__TASK REQUIREMENTS__.
A verbatim reproduction of the lines below, from the line containing "EVERYTHING YOU NEED" through the line containing "Rear view of", both ends included, is the whole required output.

__RECORDS FOR PROCESSING__.
* * * *

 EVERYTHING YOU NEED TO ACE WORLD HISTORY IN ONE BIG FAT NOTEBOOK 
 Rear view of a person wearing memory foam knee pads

* * * *

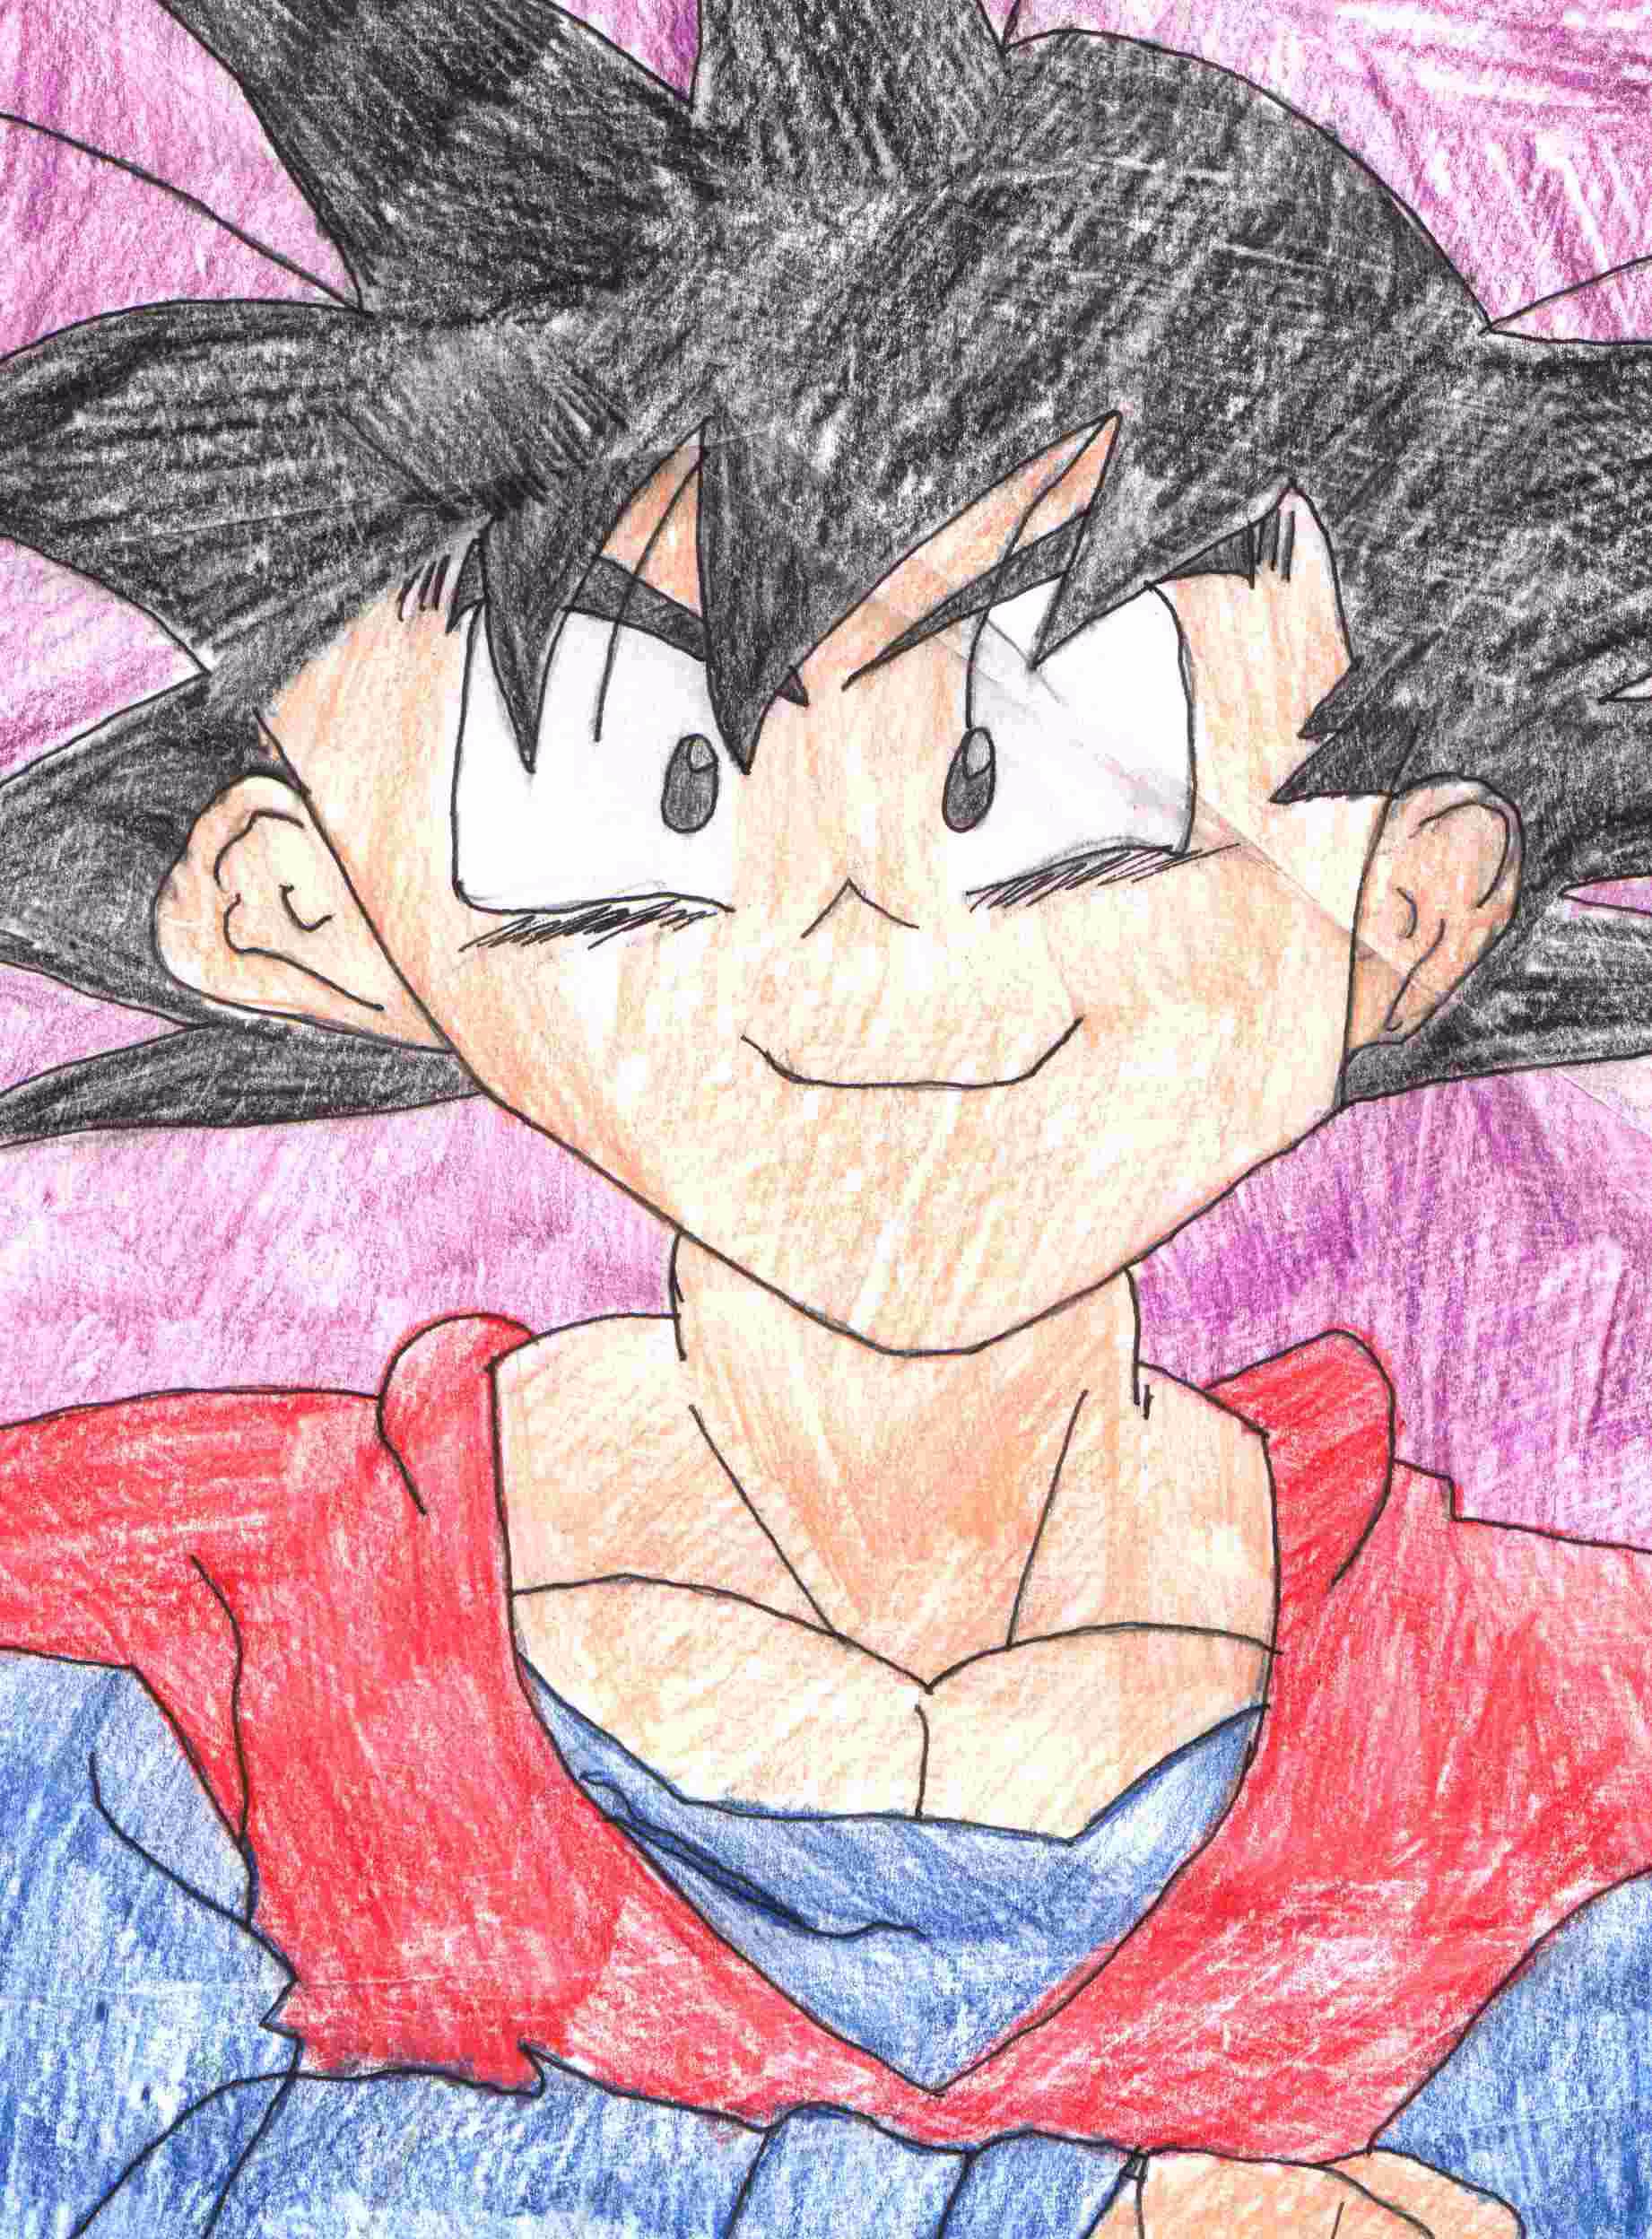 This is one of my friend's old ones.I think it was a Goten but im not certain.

* * * *

__SOLUTION FOR THIS PROBLEM__.
 EVERYTHING YOU NEED TO ACE WORLD HISTORY IN ONE BIG FAT NOTEBOOK 
 Rear view of a person wearing memory foam knee pads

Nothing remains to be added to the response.